Poetry. Paul Oppenheimer's fourth collection of poems presents a love story told almost entirely in brisk, often racy modern sonnets and set against a background of the rural Hudson Valley and New York City--before, during and after the catastrophe of 9/11. "I need a form that I did not invent," he writes, "tuned by ancient anguish to impart/the strain of modern doubt: an instrument/just right, just now, on which to test my heart." His test turns into a struggle that sweeps up history, elusive love itself, preparations for war and the war in Iraq in more than ninety eerily redemptive, shocking and accomplished renderings of poetry's oldest and still most powerful form.

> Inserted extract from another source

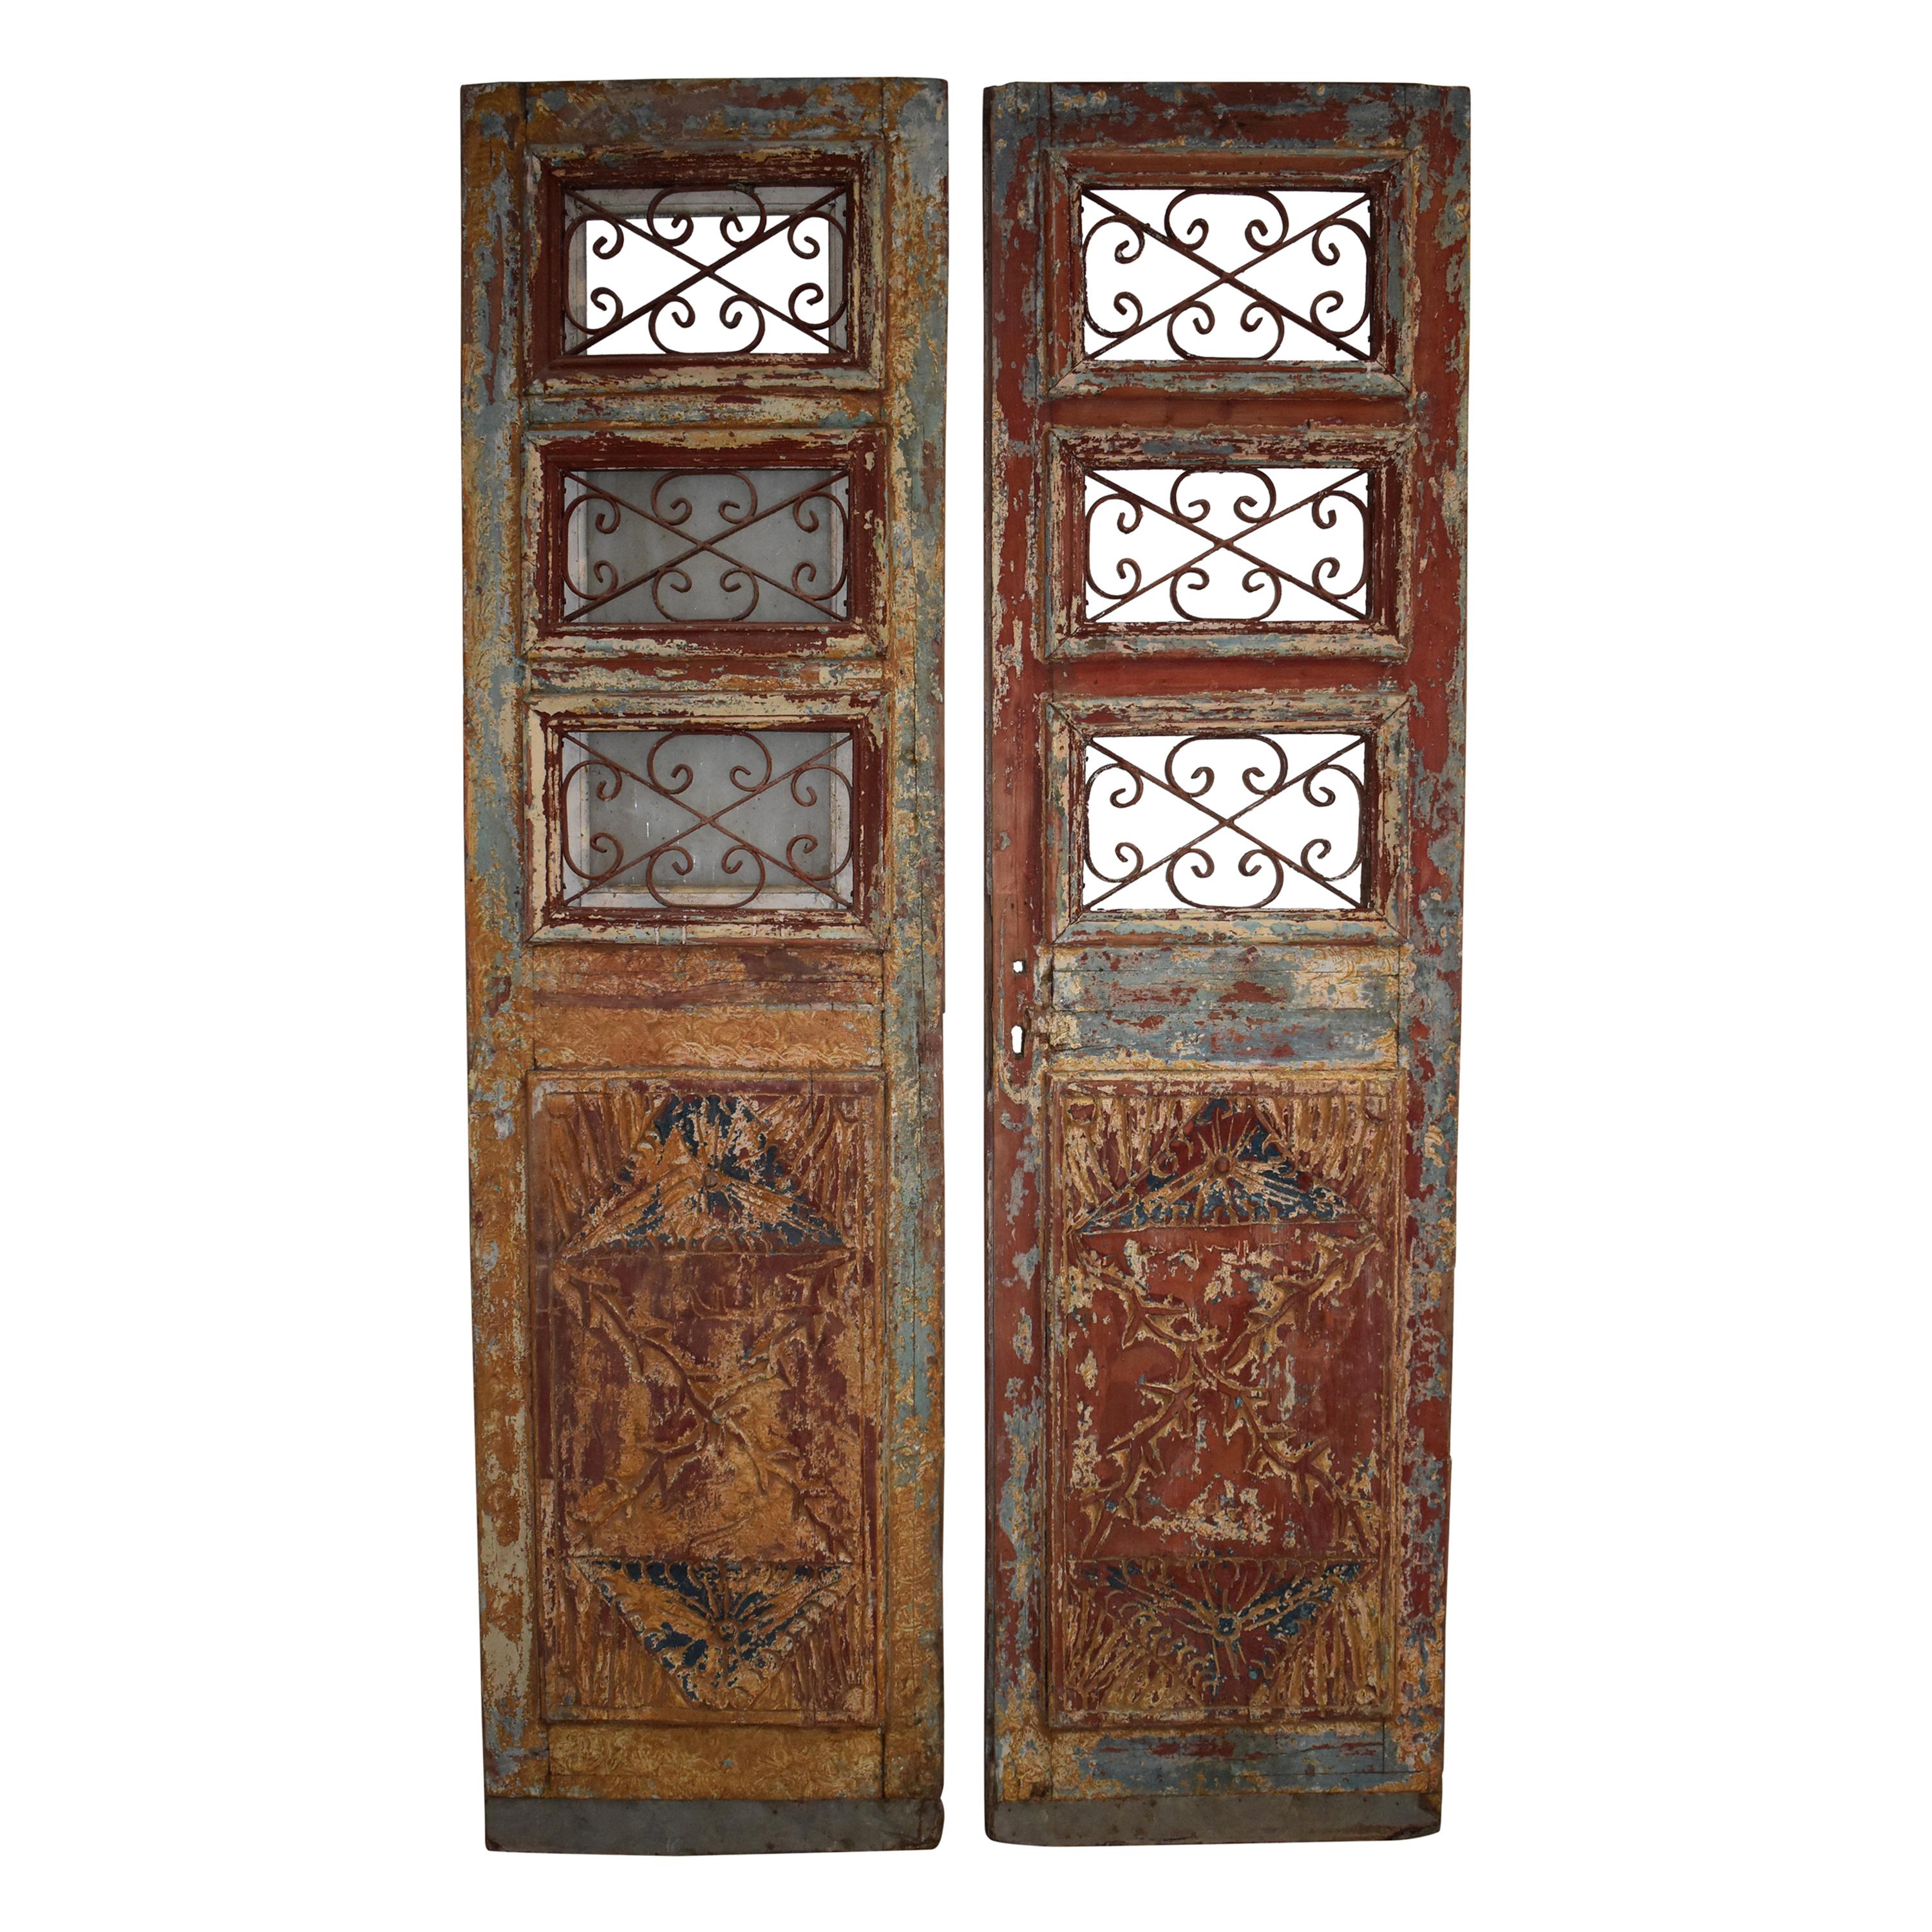 Egyptian Doors, circa 1900

Author City: NEW YORK, NY USA
Paul Oppenheimer is a novelist, journalist, translator and widely published short story writer, as well as the author of three previous volumes of poetry. His broadly cited investigation of the origin of the sonnet in thirteenth-century Italy, The Birth of the Modern Mind: Self, Consciousness and the Invention of the Sonnet, has also been lauded for its more than fifty translations of sonnets by such poets as Goethe, Lorca, Cellini, Michelangelo, Rimbaud and Rilke. The winner of an Alfred Hodder Fellowship and a Fulbright Senior Scholar Award to Germany, he teaches at The City College and The Graduate Center of the City University of New York.